> [TASK TO COMPLETE]: Pictures in the listing below are skipped, while the lines from the "03/31/2004. Invito della" line through the "超市冰激凌雪糕价格整理现在都这么贵了" line are returned word for word.

> [SUPPLIED INFORMATION]:
• • •

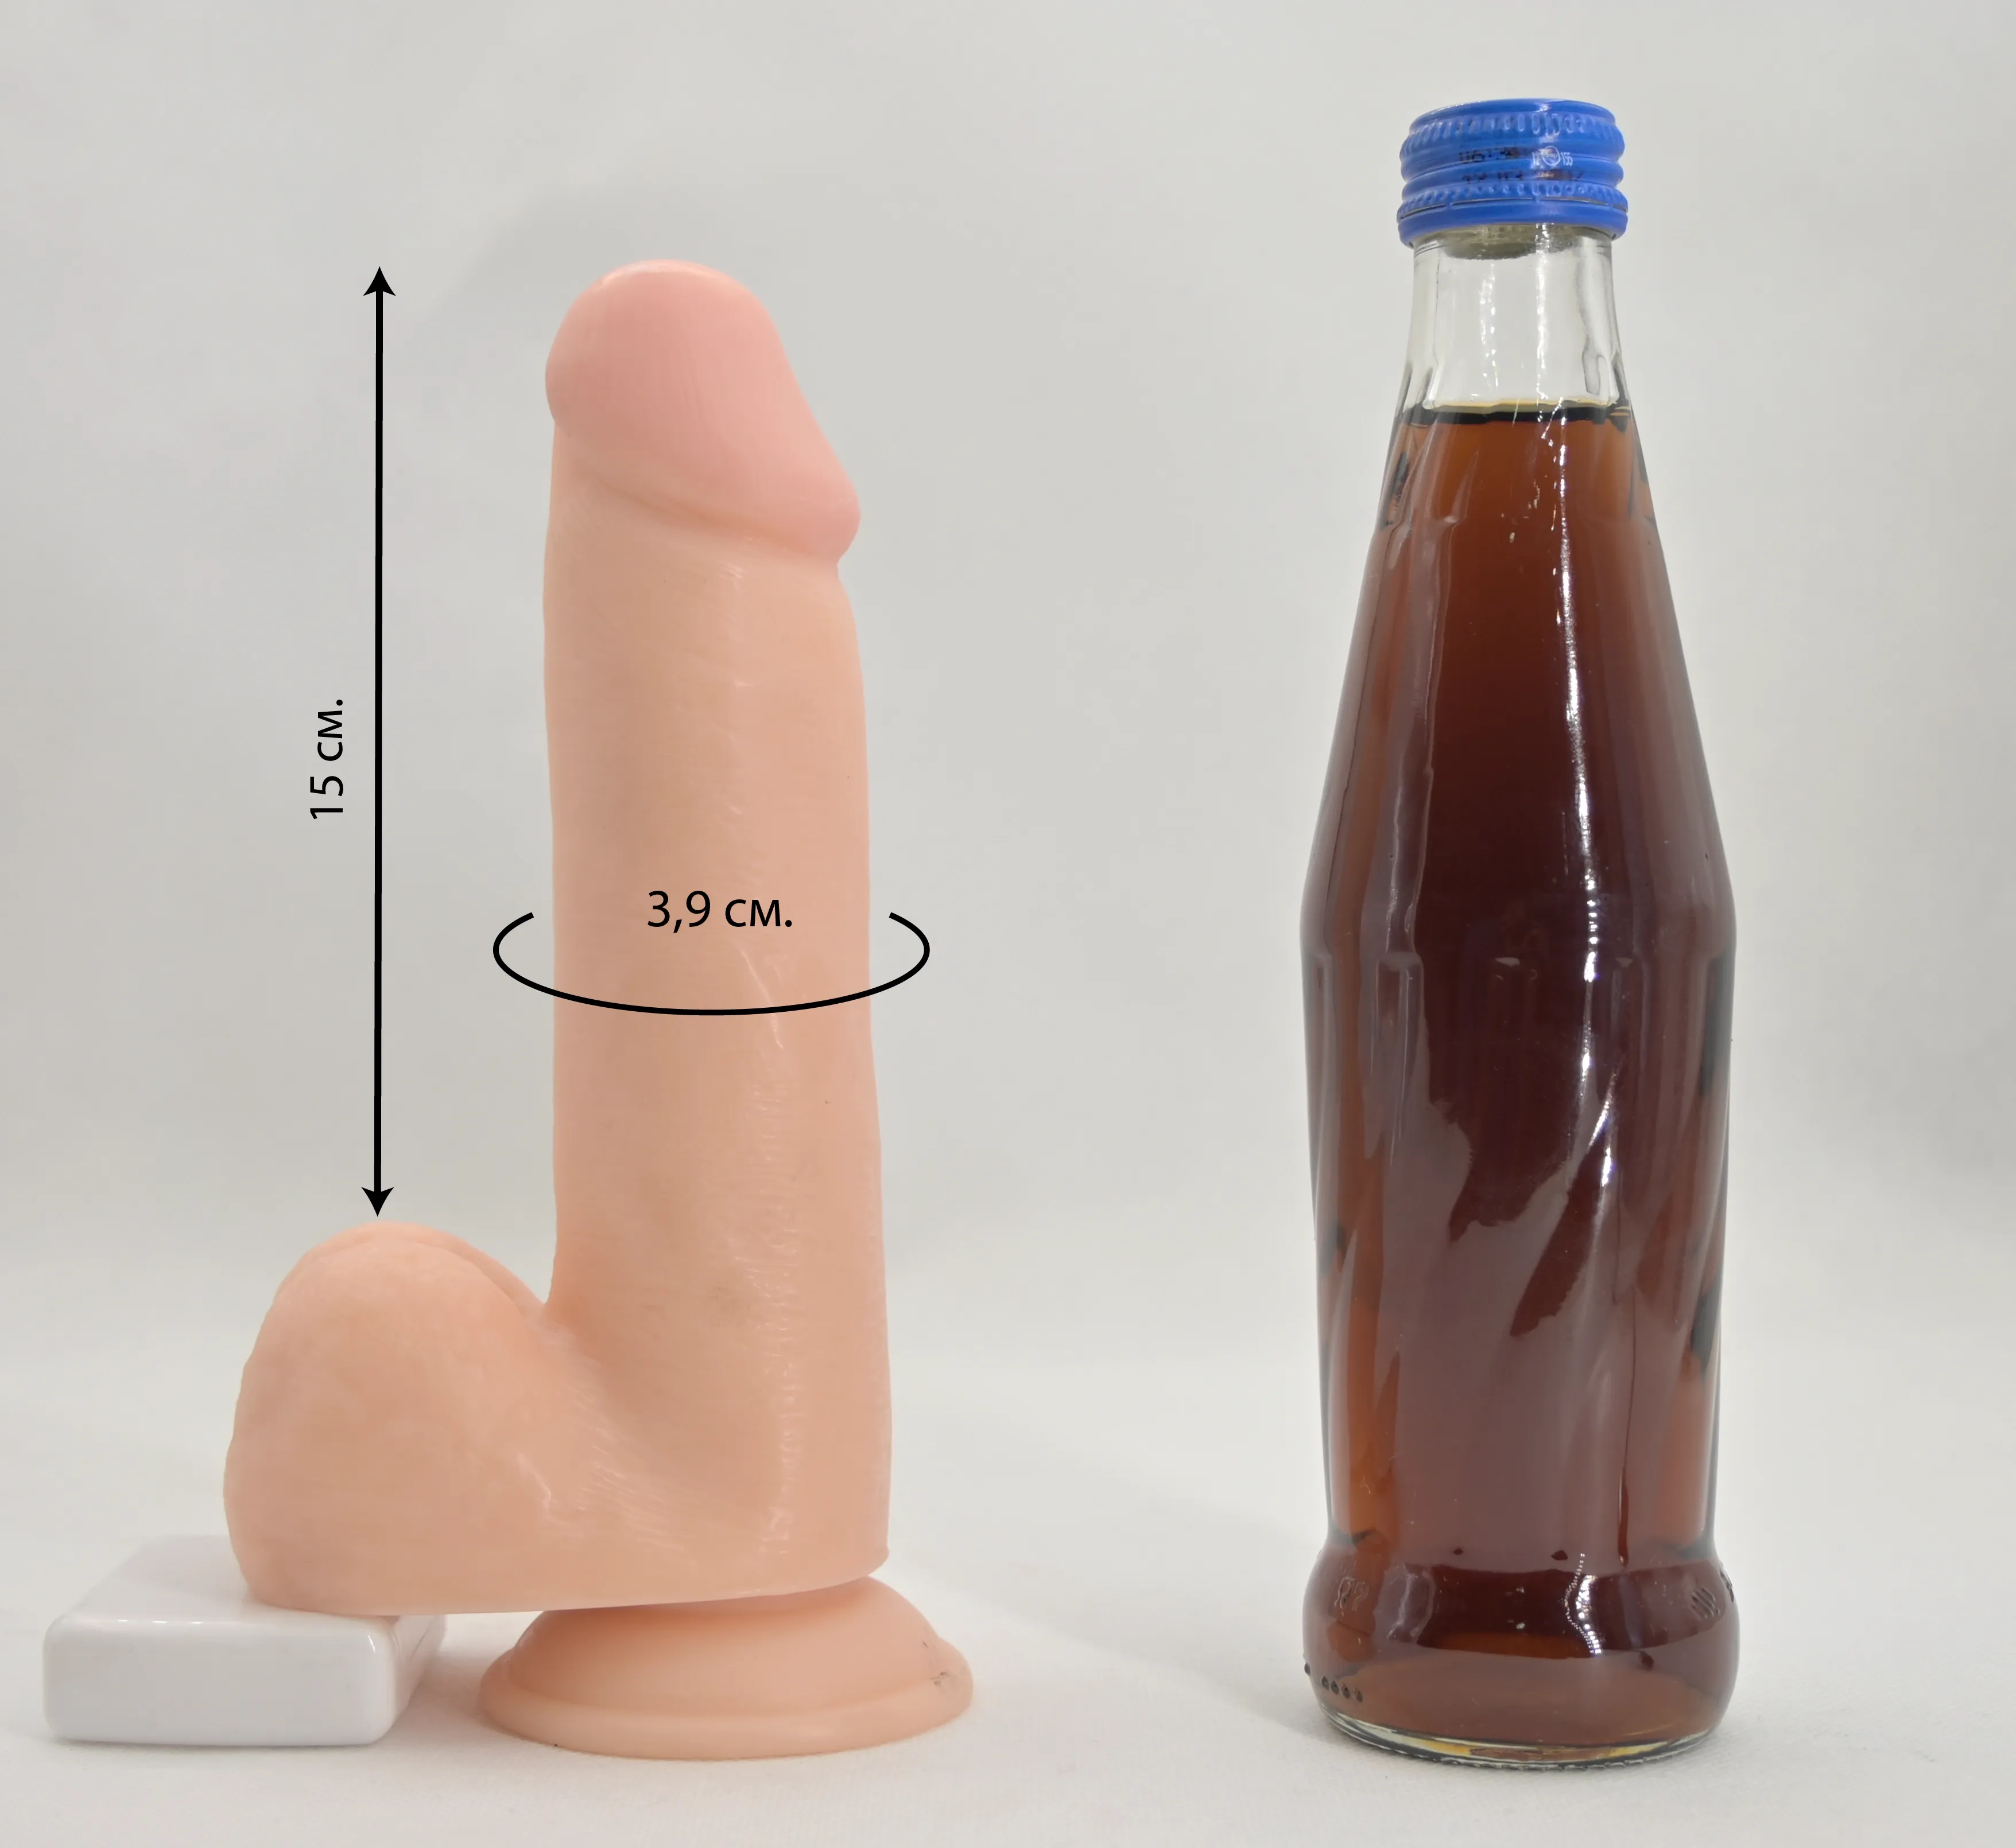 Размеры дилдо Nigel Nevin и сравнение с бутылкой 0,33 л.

• • •

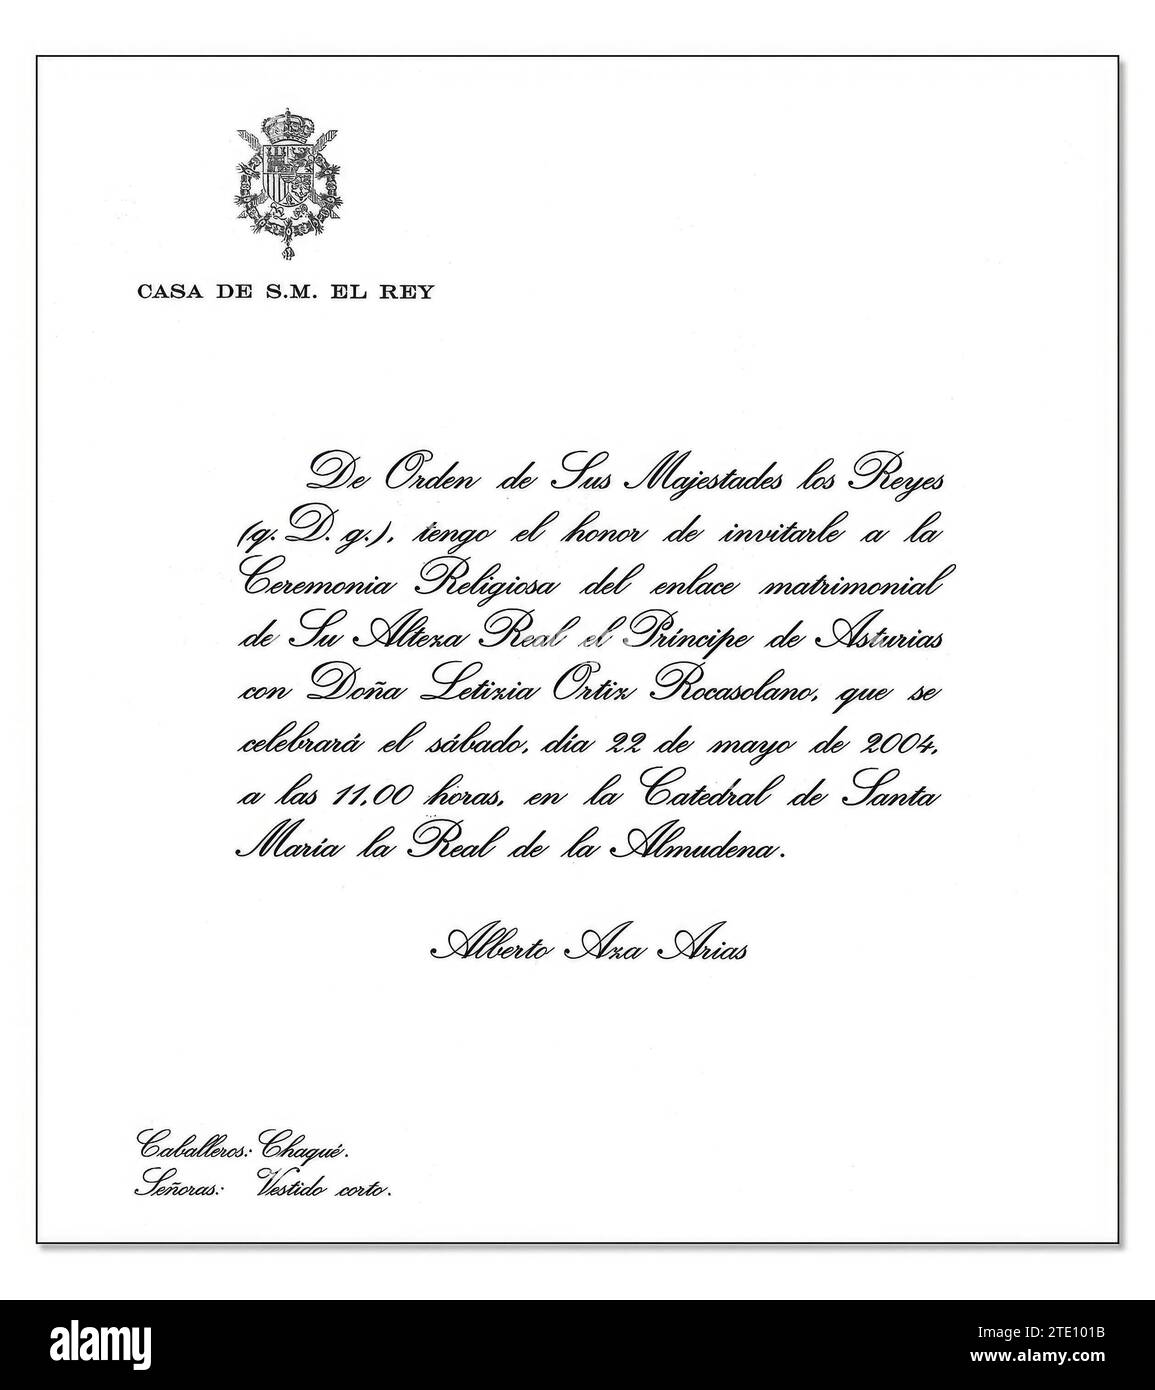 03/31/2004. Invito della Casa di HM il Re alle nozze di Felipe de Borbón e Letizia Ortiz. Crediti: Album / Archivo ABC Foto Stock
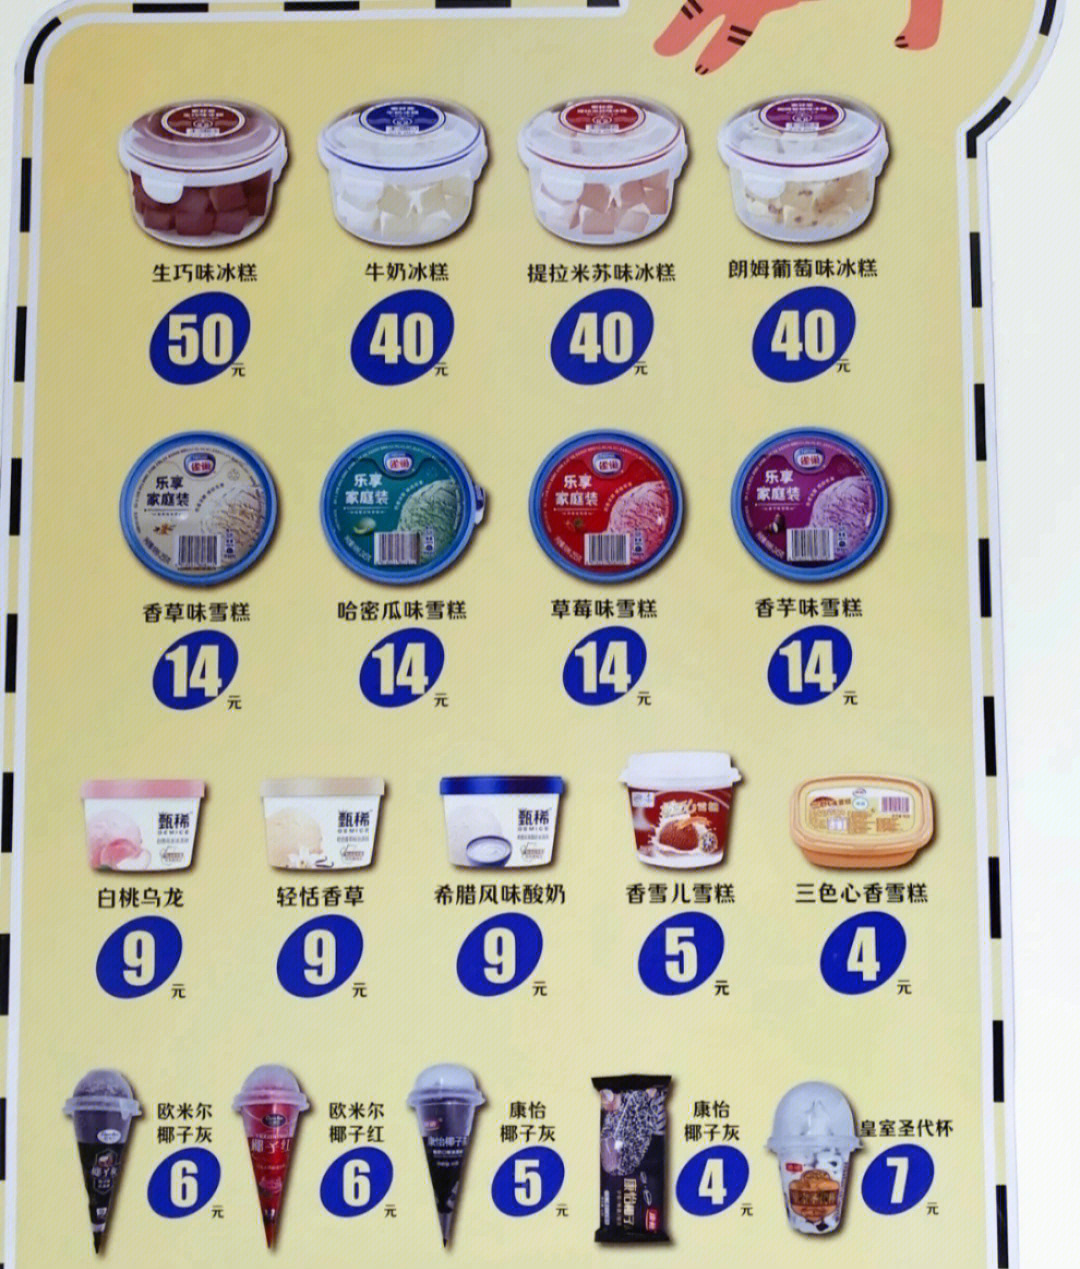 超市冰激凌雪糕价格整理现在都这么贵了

• • •

> [WORKED SOLUTION]:
 03/31/2004. Invito della Casa di HM il Re alle nozze di Felipe de Borbón e Letizia Ortiz. Crediti: Album / Archivo ABC Foto Stock
 超市冰激凌雪糕价格整理现在都这么贵了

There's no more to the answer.